Skin Lesion Classification Using Ensembles of Multi-Resolution EfficientNets with Meta Data

Code for team DAISYLab's participation in the (ISIC 2019 challenge).

We achieved first place in both tasks: (Leaderboards).

Arxiv paper: https://arxiv.org/abs/1910.03910

Please cite our MethodsX article if you make use of our work: https://doi.org/10.1016/j.mex.2020.100864

Usage

Here, we explain the basic usage of our code. Note that we used additional datasets that need to be prepared in a similar way. Most of it is based on our last year's approach.

Data and Path Preparation

The images' and labels' directory strucutre should look like this: /isic2019/images/official/ISIC_0024306.jpg and /isic2019/labels/official/labels.csv. The labels in the CSV file should be structured as follows: first column contains the image ID ("ISIC_0024306"), then the one-hot encoded labels follow.

Other datasets such as the 7-point dataset need to be formatted in a similar way. I.e. there needs to be a "sevenpoint" folder (instead of "official") for the images and a "sevepoint" folder for the labels with the properly fromatted label files.

Our split for training/validation with 5-Fold CV is included in the "indices_isic2019.pkl" file. This should be placed in the same directory as /isic2019. Note that we do not use a test set.

In pc_cfgs we include an example for a machine specific cfg. Here, the base folder can be adjusted for different machines.

In the cfgs folder, there example configs. You can swap out models by using the names given in models.py. For the EfficientNets we used the recommended resolution from the paper --> https://github.com/lukemelas/EfficientNet-PyTorch.

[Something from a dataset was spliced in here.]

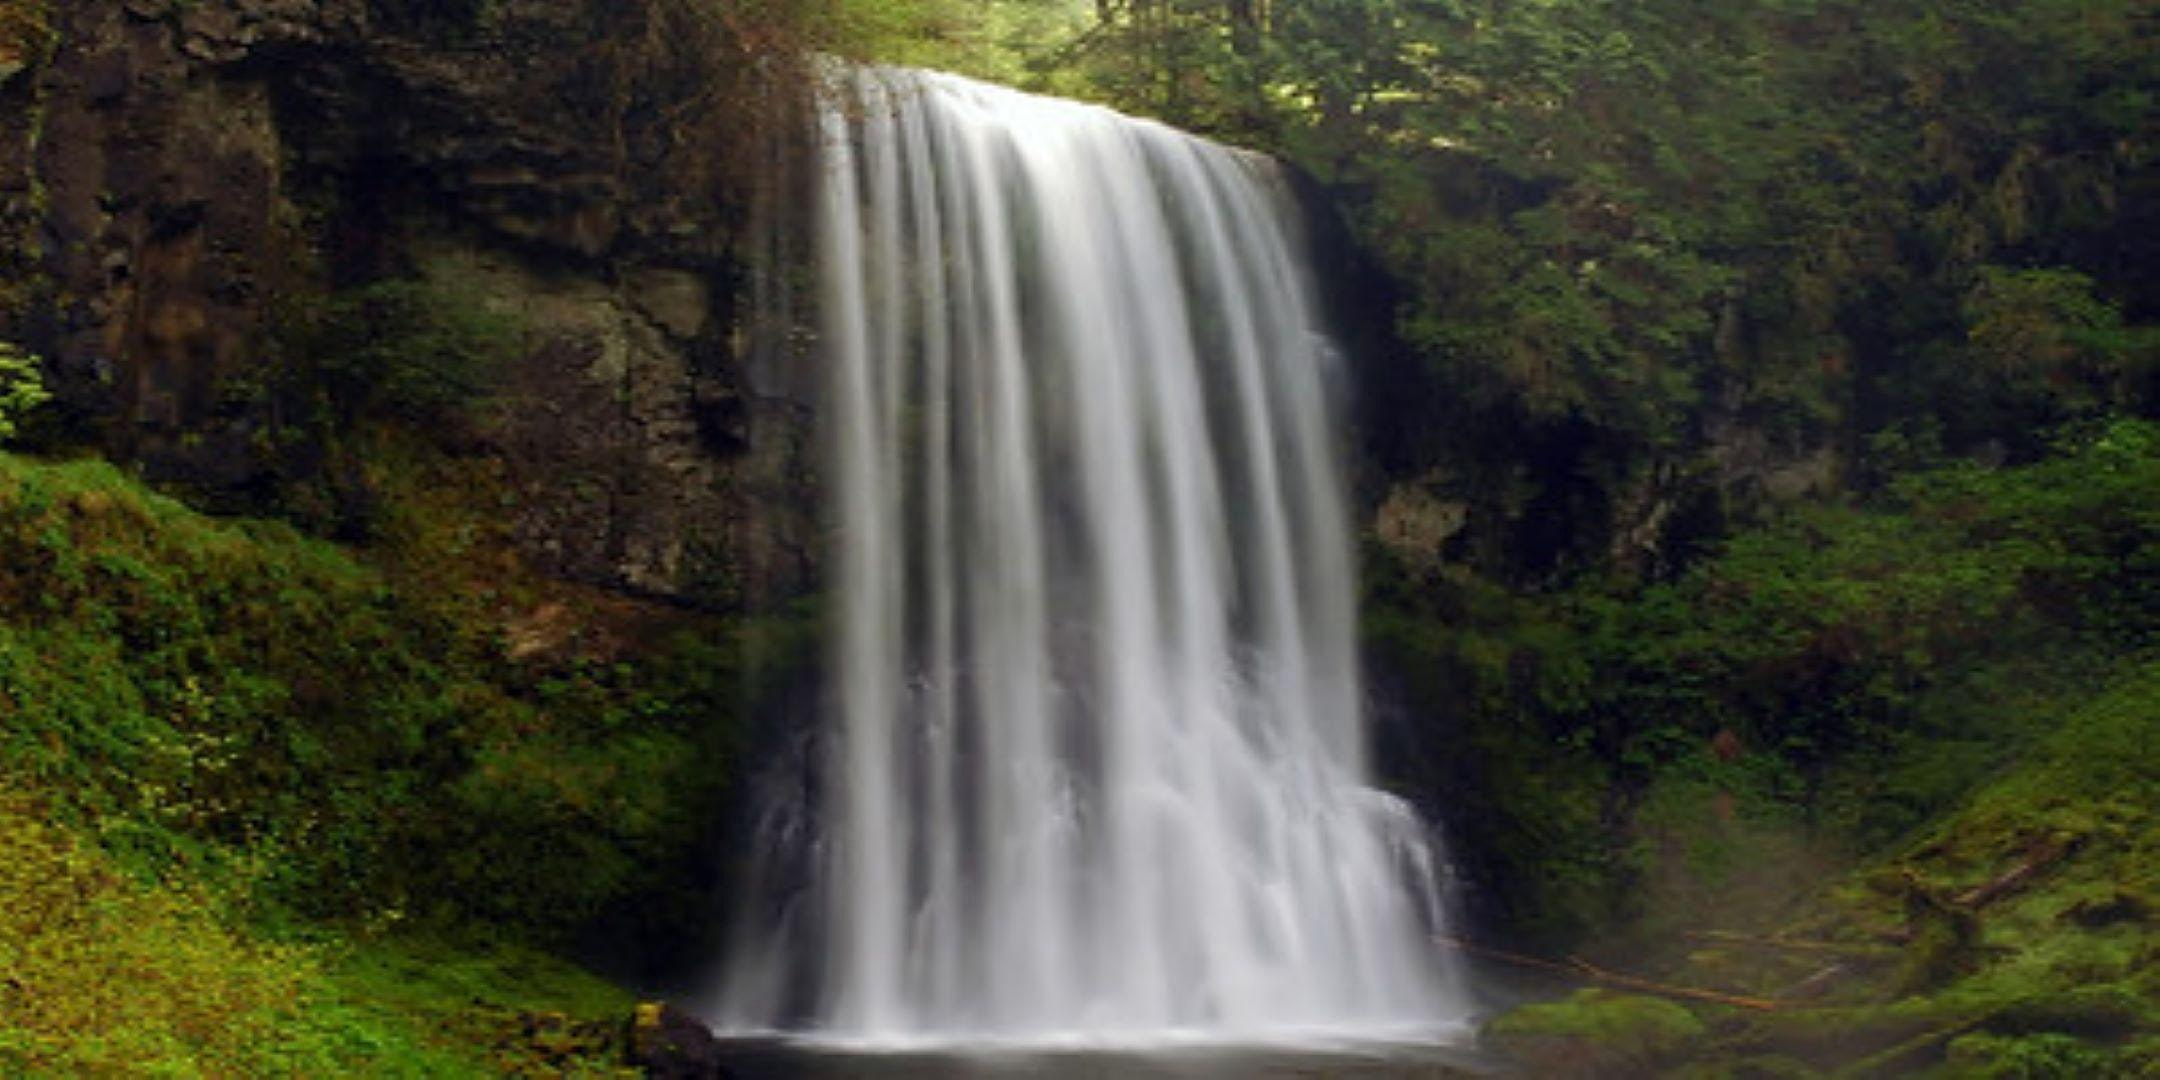 CANCELLED: Bridal Veil Falls Hidden History Walk, OR
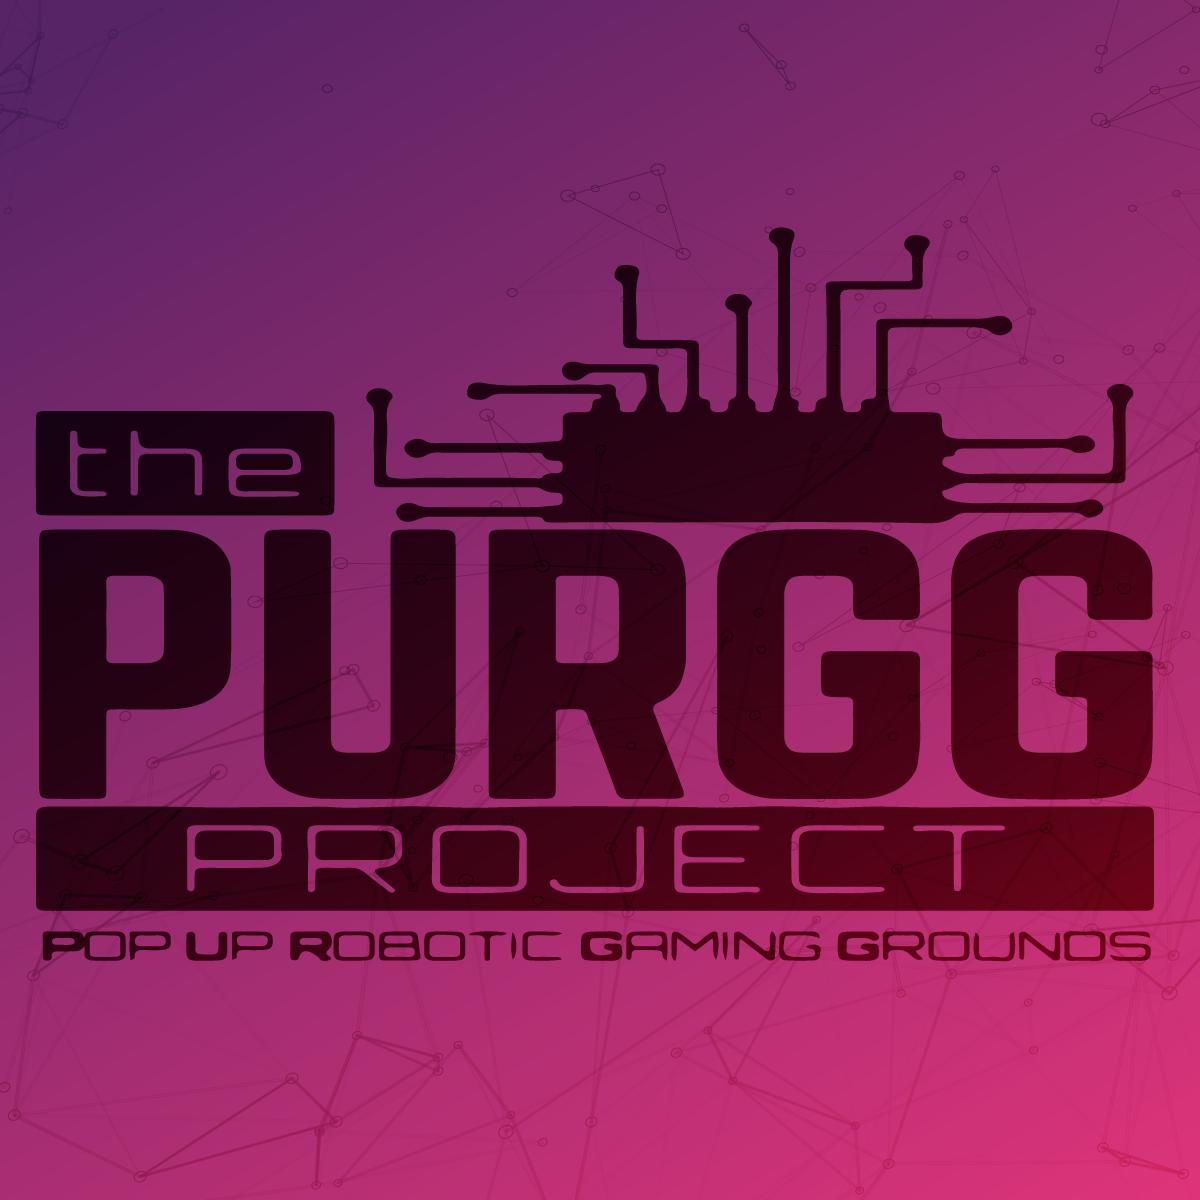 purgg-flier-1200x1200

When training a model with additional meta data, you need the prepared meta data file in the meta_data folder. The meta_data folder is structured similar to the images or labels folder (one subfolder for each dataset).

Training a model

We included two example config files for full training and 5-Fold CV. More details on the different options, e.g. for balancing and cropping, are given in the paper. To start training, run: python train.py example 2019.test_effb0_ss gpu0

gpu0 indicates the number of the GPU that should be used for training. This is helpful for machines with multiple GPUs.

Evaluate a model

For model evaluation, there are multiple options. First, a 5-Fold CV model can be evaluated on each held out split. For evaluation of same-sized cropping model (see paper for explanation), run: python eval.py example 2019.test_effb0_ss multiorder36 average NONE bestgpu0

multiorder36 indicates that ordered, multi-crop evaluation with 36 crops should be performed. Always use 9, 16, 25, 36, 49... etc. number of crops. average indicates the predictions should be averaged over the crops (can also be vote). best indicates that the best model obtained during training should be used. Can be last to use the last model saved.

When evaluating a model with random-resize option (see paper for explanation), run this instead: python eval.py example 2019.test_effb0_rr multideterm1sc4f4 average NONE bestgpu0

If final predictions on new, unlabeled images should be performed, add the path to said images at the end of the evaluation call: python eval.py example 2019.test_effb0_ss multiorder36 average NONE bestgpu0 NONE /home/Gessert/data/isic/isic2019/images/Test

Each evaluation run generates a pkl file that can be used for further ensemble aggregation.

Construct an Ensemble

Testing ensembles is also split into two parts. First, an ensemble can be constructed based on 5-Fold CV error and the corresponding best models are saved. Then, the final predictions on a new dataset can be made using the generated files from the evaluation section.

For 5-Fold CV performance assessment, run: python ensemble.py /path/to/evaluation/files evalexhaust15 /path/to/file/best_models.pkl The first path indicates the location where all evaluation pkl files are located. evalexhaust15: eval indicates that 5-Fold CV evaluation is desired. exhaust15 indicates that the top 15 performing models should be tested for their optimal combination. I.e., every possible combination (average predictions) of those models is tested for the best performance. Without the exhaust option, only the top N combinations are considered, i.e., the tested combinations are: top1 model, top1+top2 model, top1+top2+top3 model, etc. The last argument indicates the path where the best performing combination is saved.

For generation of new predictions for unlabeled data, run: python ensemble.py /path/to/evaluation/files best /path/to/file/best_models.pkl /path/to/predictions.csv /path/to/image/files best indicates that only the models with best in the name should be considered. This relates to the evaluation where either the best performing model or the last checkpoint can be used for generation. This can be last or bestlast for both. The next argument is the path to the file that was generated in the first ensemble run. This can just be NONE if all models should be included. The next argument is the path to the CSV file that should contain the predictions. The last argument is the path to the image files which is used to match the predictions to image file names.